Среди выжженных равнин возле Мертвого моря, где сохнут чахлые травы, совершенно неожиданно можно увидеть группы высоких кустов с широкими толстыми листьями. На кустах крупные зеленые яблоки с красными боками. Висят связками, как помидорные кисти. Одни уже совсем крупные. Другие только завязались. Рядом цветки распускаются: кожистые, толстые, бордово-красные с серо-зеленой изнанкой. Так выглядит калотропис высокий, чаще известный под библейским именем содомских яблок.

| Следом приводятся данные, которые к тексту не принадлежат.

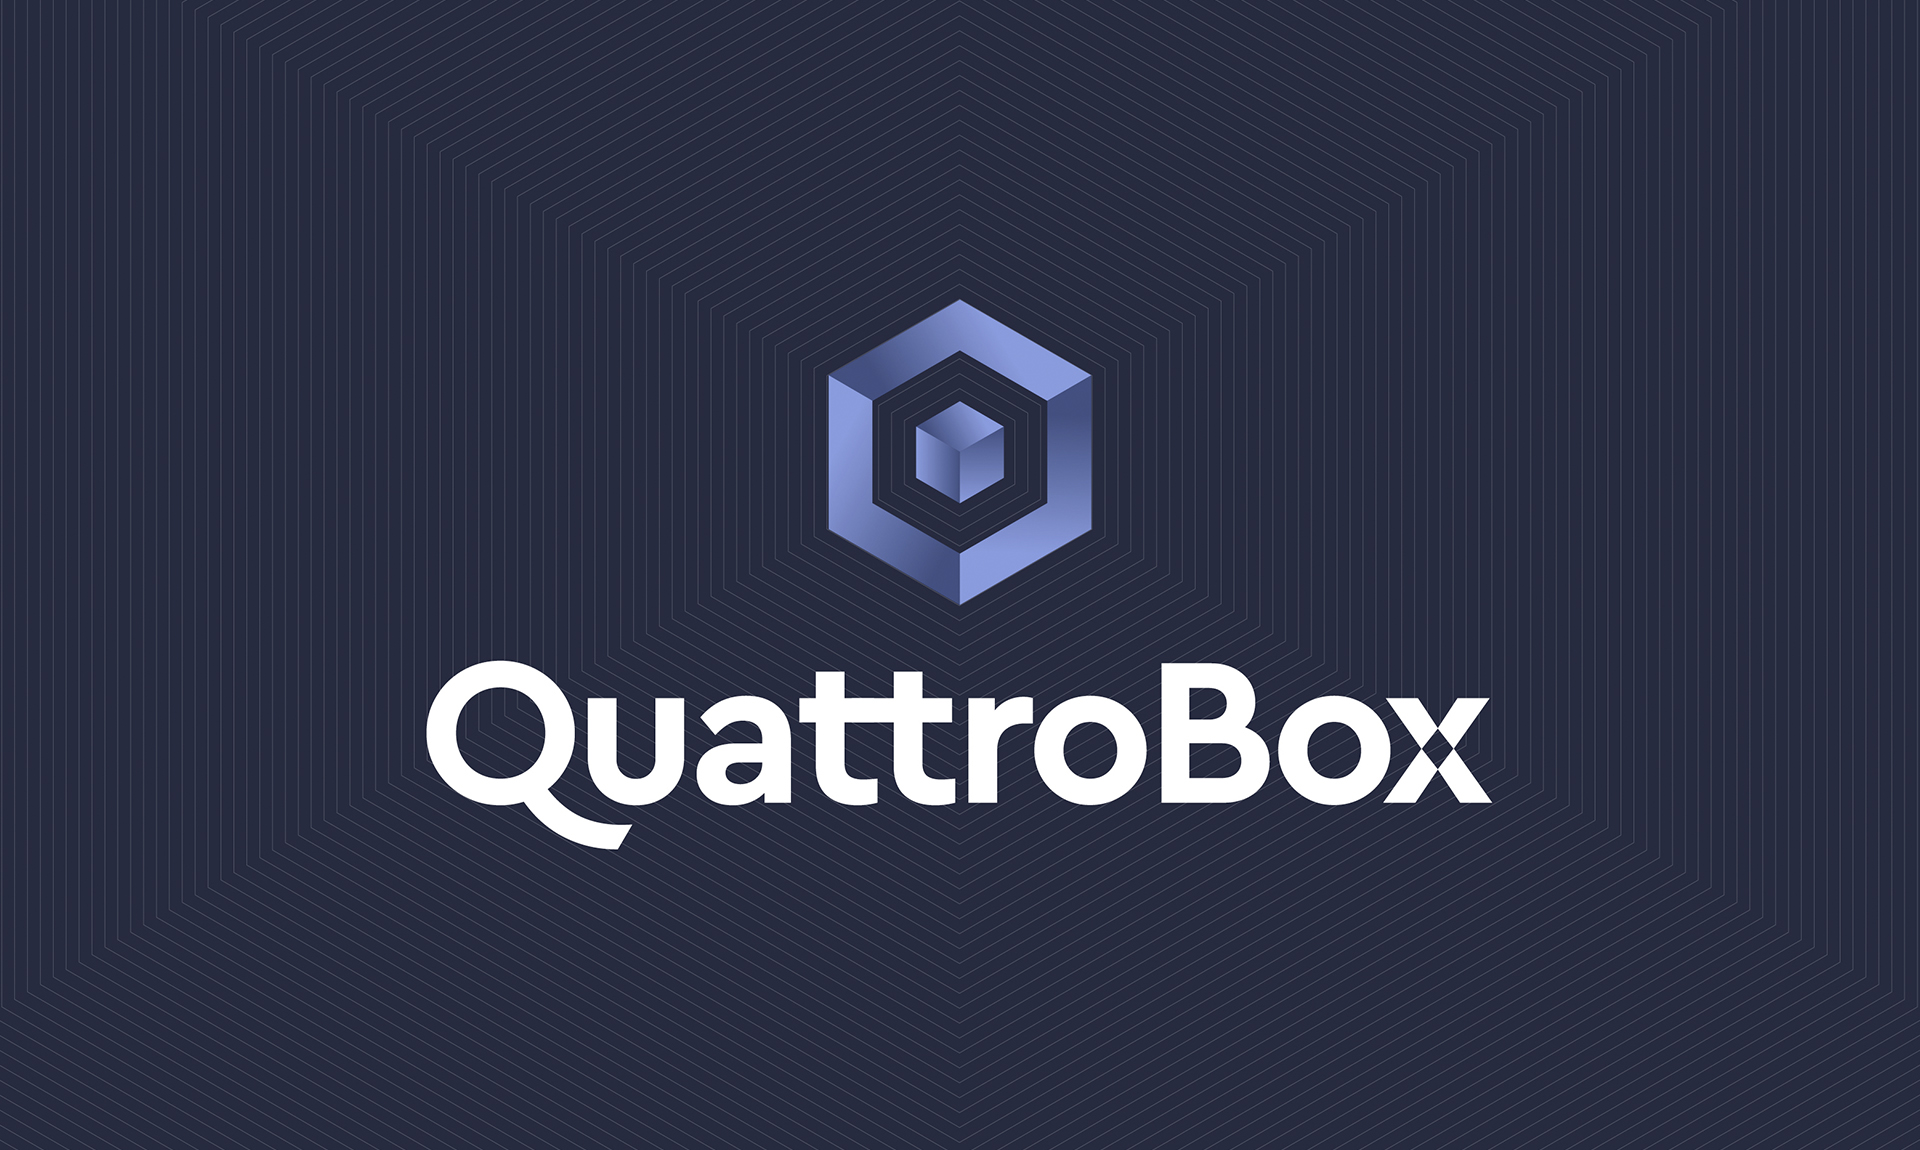 QuattroBox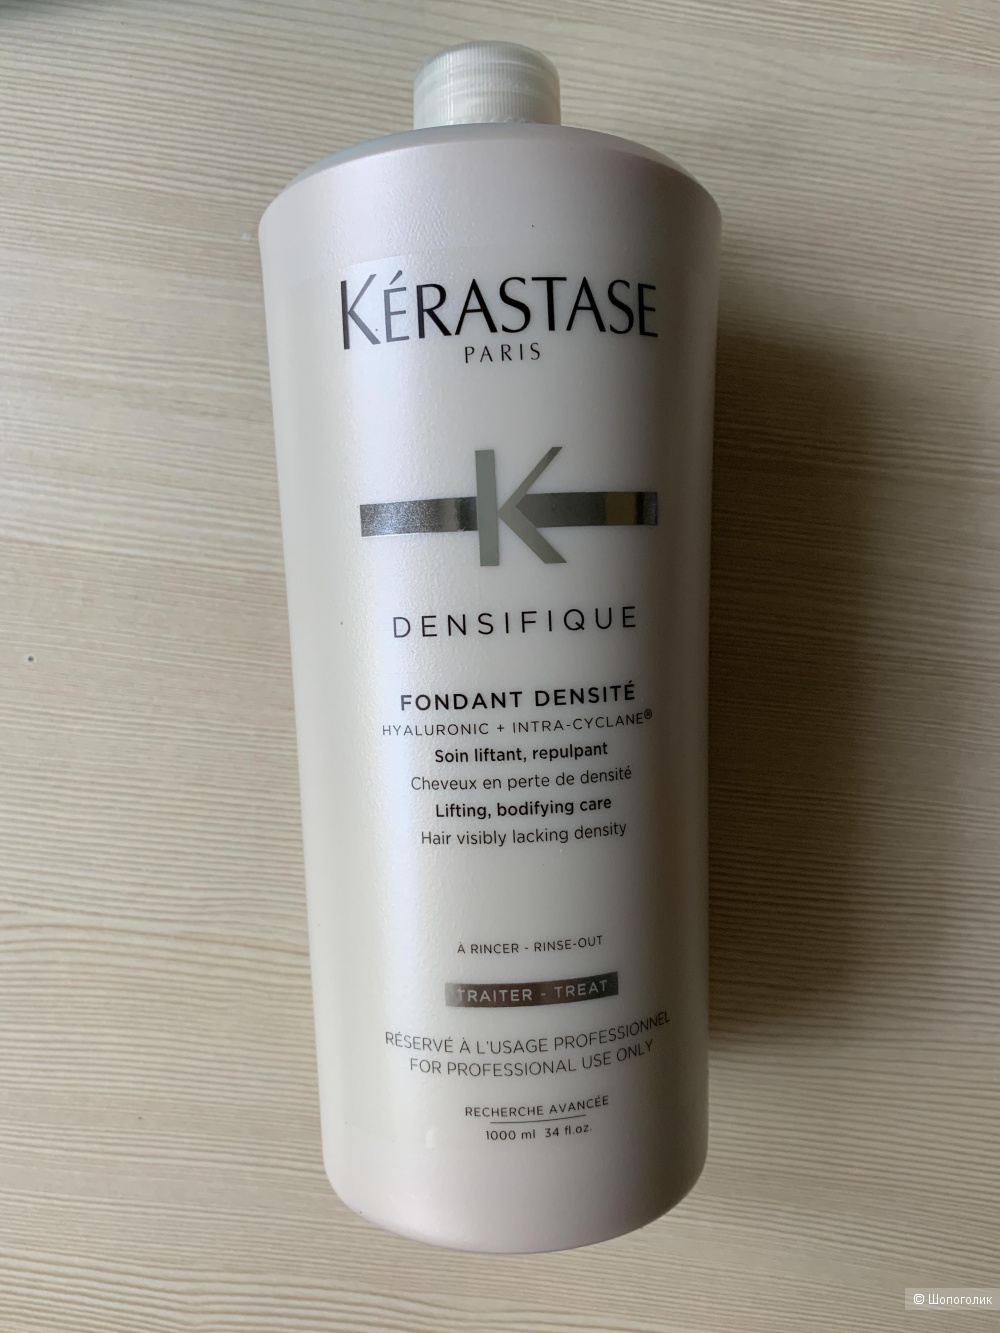 Kerastase Densifique молочко для плотности волос, 1000 мл

Мимо проходят верблюды. Козы пасутся. Ни одно животное не прикасается к краснобоким плодам. Знают: под яркой кожицей нет сочной мякоти. Хрустнет сухая оболочка, и вылетит похожая на пепел щепотка щуплых семян с волосками-летучками.
Библия утверждает: возле Мертвого моря некогда существовали города Содом и Гоморра (следы их ученые пытались обнаружить, но не нашли). За грехи означенные города вместе с жителями были сожжены небесным огнем. И теперь даже яблоки, вырастающие на греховной земле, не дают наслаждения. Они оставляют на губах горький слой золы и пепла.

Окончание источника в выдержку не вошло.